Looking for Tips to Improve Document Search and Thread Management in OpenAI Assistant API

I’m working on implementing a feature in my real-world application where I need to extract answers from 2-3 uploaded documents using around 20-30 predefined questions. I’ve been using the file_search tool in the OpenAI Assistant API, and so far, it’s been working well—I’m able to retrieve relevant answers.

Here’s what I’ve done so far:

  1. Created an assistant.
  2. Looped through the list of questions (not using async).
  3. Created a separate thread for each question using createAndRun, attaching the relevant fileId and vector storeId.
  4. When message.event === 'thread.run.completed', I save the answer.
  5. When message.event !== 'thread.run.completed', I handle it as “unable to fetch at this moment.”

My questions are:

  1. Can I use a single thread for all the questions, considering that OpenAI will automatically truncate if the context window is full?
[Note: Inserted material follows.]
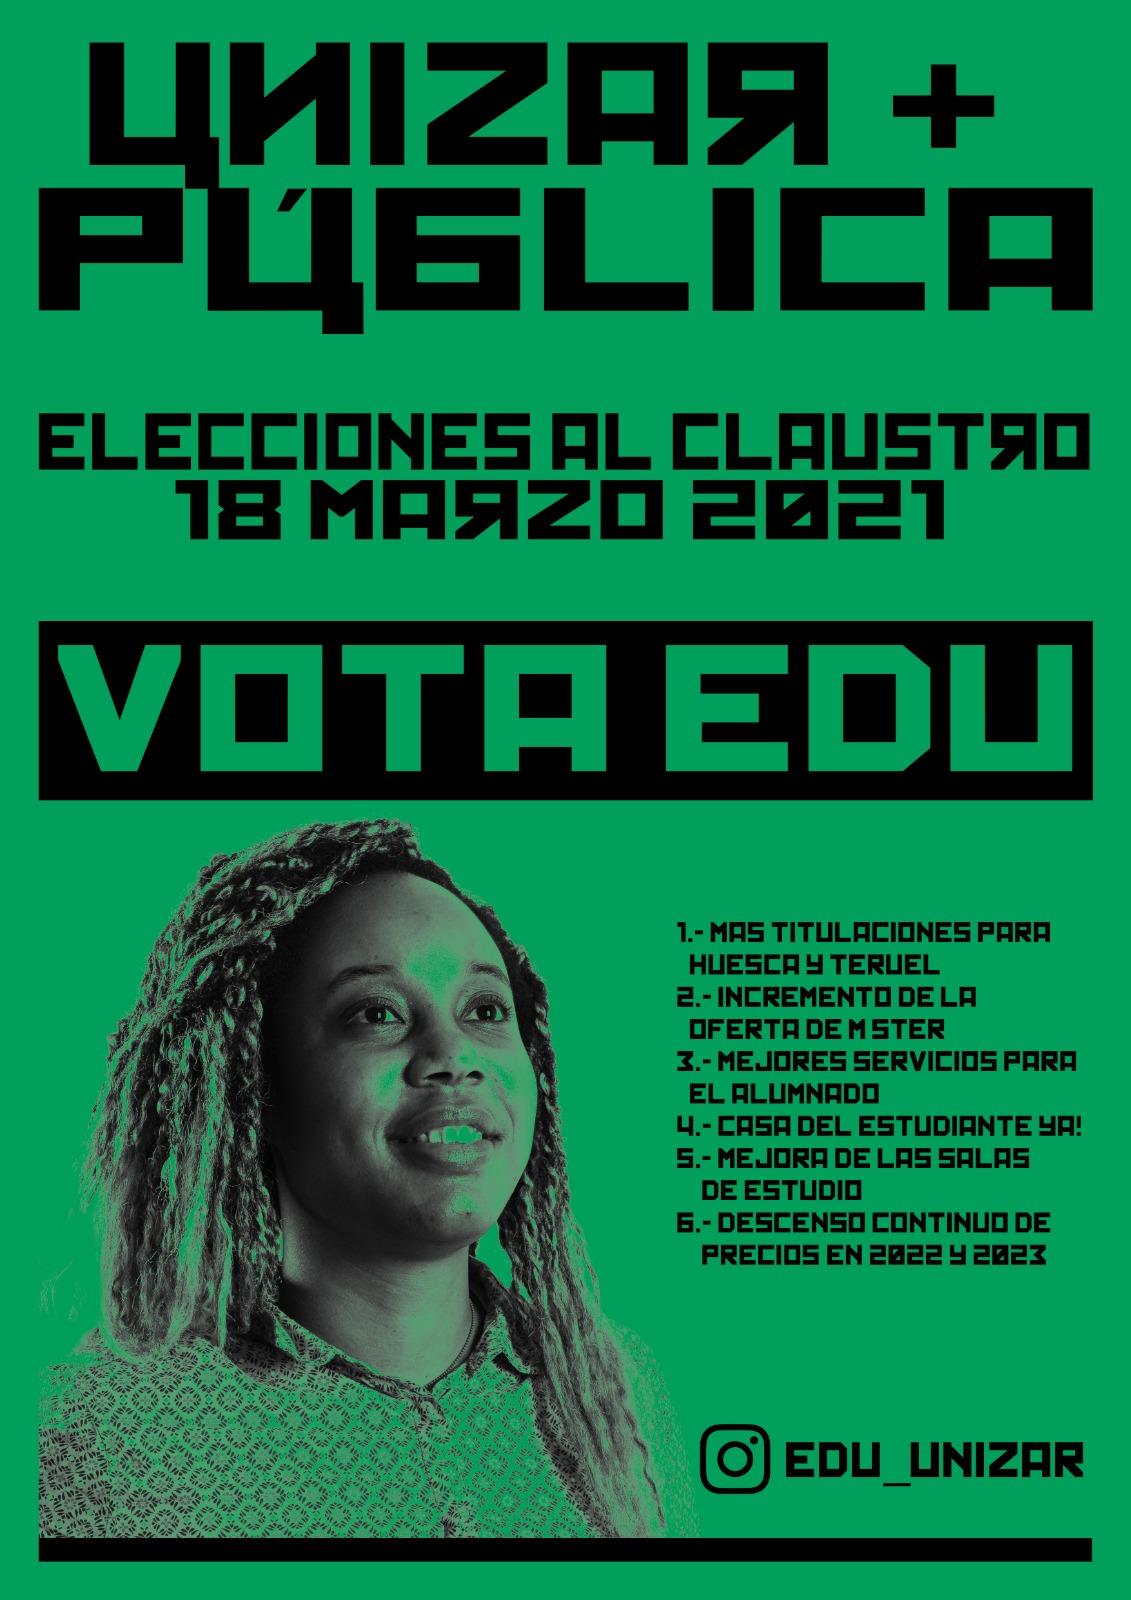 PROGRAMA ELECCIONES A CLAUSTRO 18 MARZO 2021

Would using a single thread be beneficial in this case?
  2. If a vector store is assigned to a thread, it will search across all the files within that store to find relevant answers. Is it better to maintain different vector stores for different sets of files, or should I explicitly attach specific fileIds to the threads?
  3. Are there any other improvements or best practices I could apply to my current approach?

I’m new to this—does my approach sound reasonable, or is there anything I should consider refining?
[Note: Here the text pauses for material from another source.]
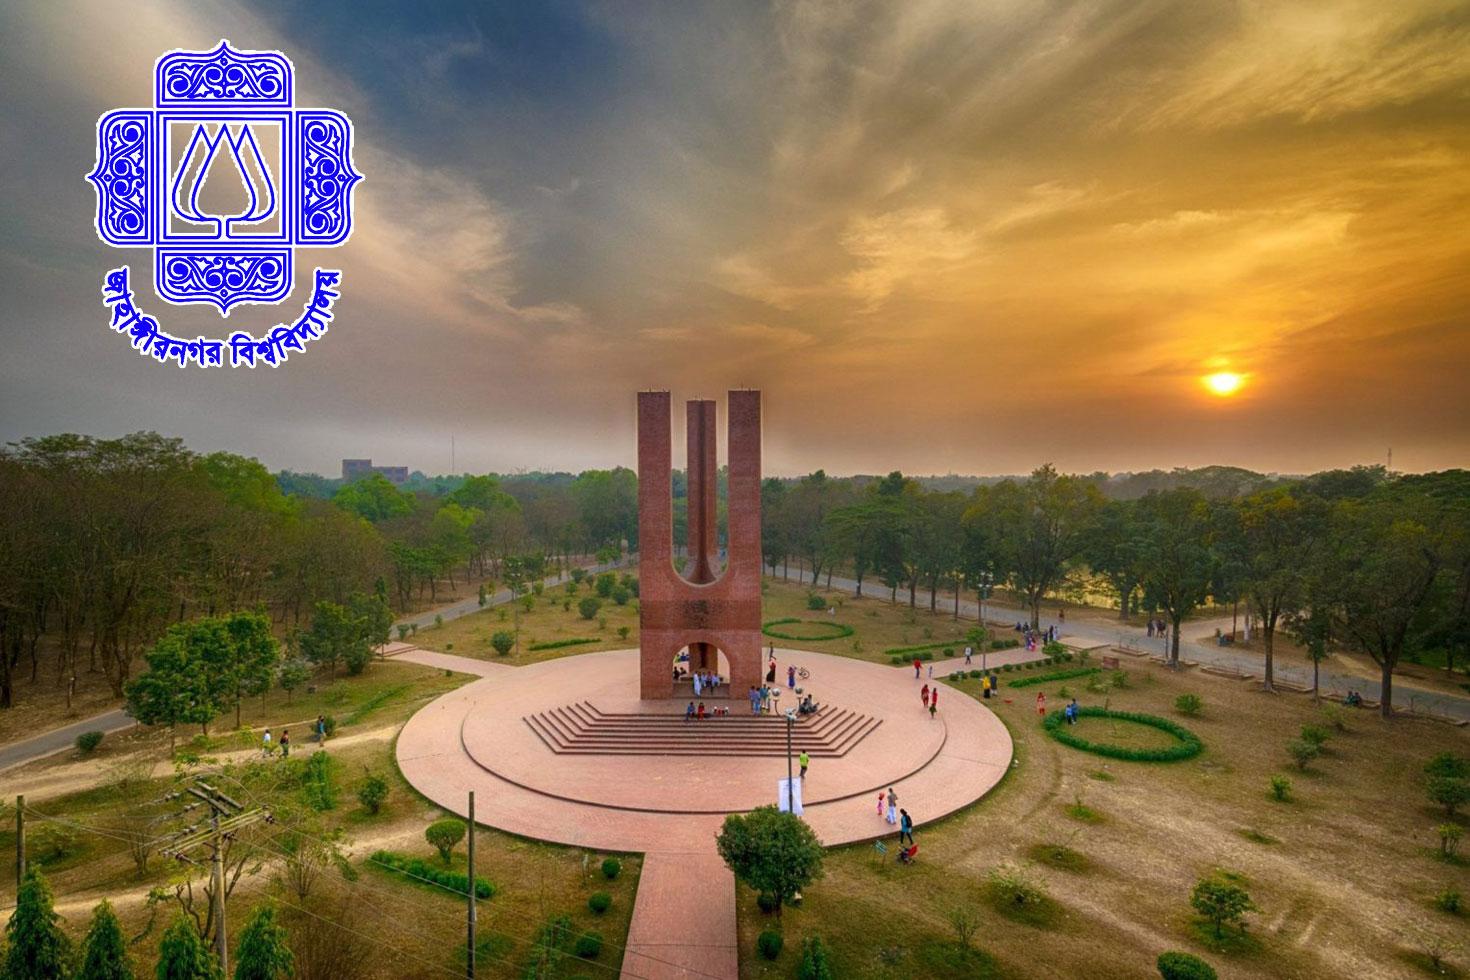 স্টোর-কিপার নিচ্ছে জাহাঙ্গীরনগর বিশ্ববিদ্যালয়

    for (let i = 0; i < questions.length; i++) {
      await this.fetchAnswer(
        fileId,
        vectorStoreId,
        questions[i].question,
        assistant,
        results
      );
    }

  private async processQuestion(...){
 return this.openai.beta.threads
        .createAndRun({
          assistant_id: assistant.id,
          thread: {
            messages: [
              {
                role: 'user',
                content: question,
                attachments: [
                  { file_id: fileId, tools: [{ type: 'file_search' }] },
                ],
              },
            ],
            tool_resources: {
              file_search: {
                vector_store_ids: [vectorStoreId],
              },
            },
          stream: true,
          },
        }) .then(async run => {
          for await (const message of run) {
            if (message.event === 'thread.run.failed') {
             // save unable to retieve at this moment
              } as FileMessageEvent);
              return resolve(true);
            }
  
            if (message.event === 'thread.run.completed') {
              const messages = await this.openai.beta.threads.messages.list(
                message.data.thread_id,
                {
                  run_id: message.data.id,
                },
              );
             //save it
         }
}
2 Likes

Hi! Welcome.

With regard to whether you use one thread, or several additional threads: What is the nature of the questions you are asking?
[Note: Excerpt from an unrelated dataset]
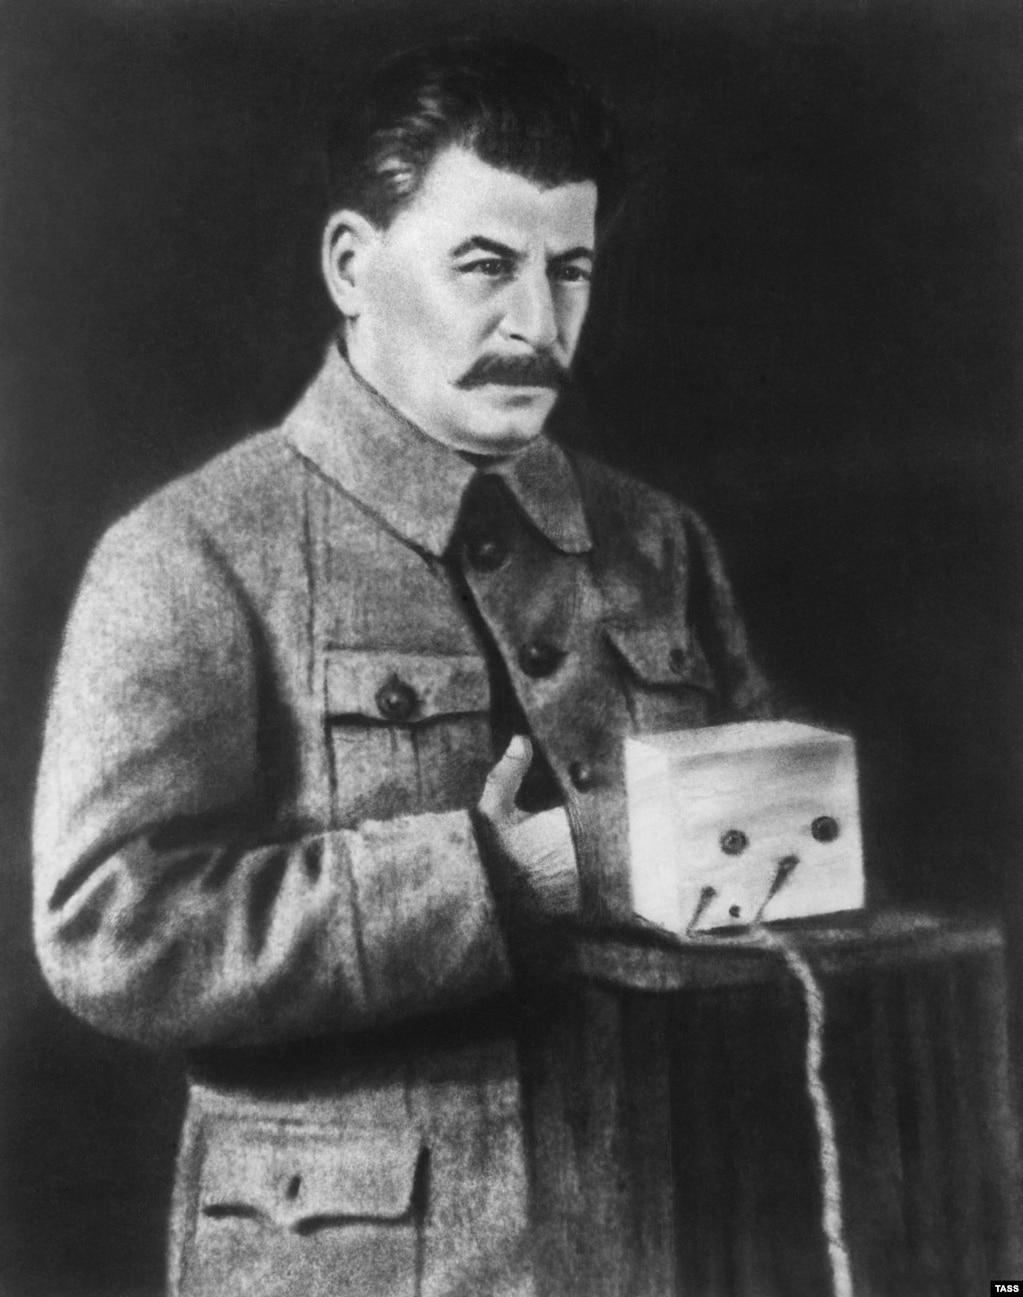 Моцна рэтушаваны здымак савецкага лідэра Ёсіфа Сталіна. Частка рэтушаваньня відавочна рабілася, каб палепшыць размытую альбо няякасную карцінку.

Do they need to be comprehended individually or taken as a whole?

1 Like

They can be comprehended individually but again it comes under one topic but definitely can get the good answer without prev context

2 Likes

Hi @anotheruser ,

I have a full framework (almost public), that does exactly this.

Approach we have:

  1. Prepare the files
  2. Convert to JSON objects with hierarchical structure
  3. Import into rag the chunks and section outlines for better search
  4. Run search query
  5. Select the items containing the answer
  6. Pass selected items to the answering model
  7. Collect the final response

Steps 4-7 are run in parallel to save time.

Would you like to give it a free spin to see if that fits your needs?

1 Like

That sounds like an impressive and efficient framework! I’m definitely interested in giving it a try to see if it aligns with what I’m looking for!!

1 Like

Here is another post of mine with details (approximately) of what I’ll need to run a test: Fine-tuning for better extraction - #2 by sergeliatko

You may send me one or two files of data and a list of questions in the format I specified in the other thread, PM or here, as you decide.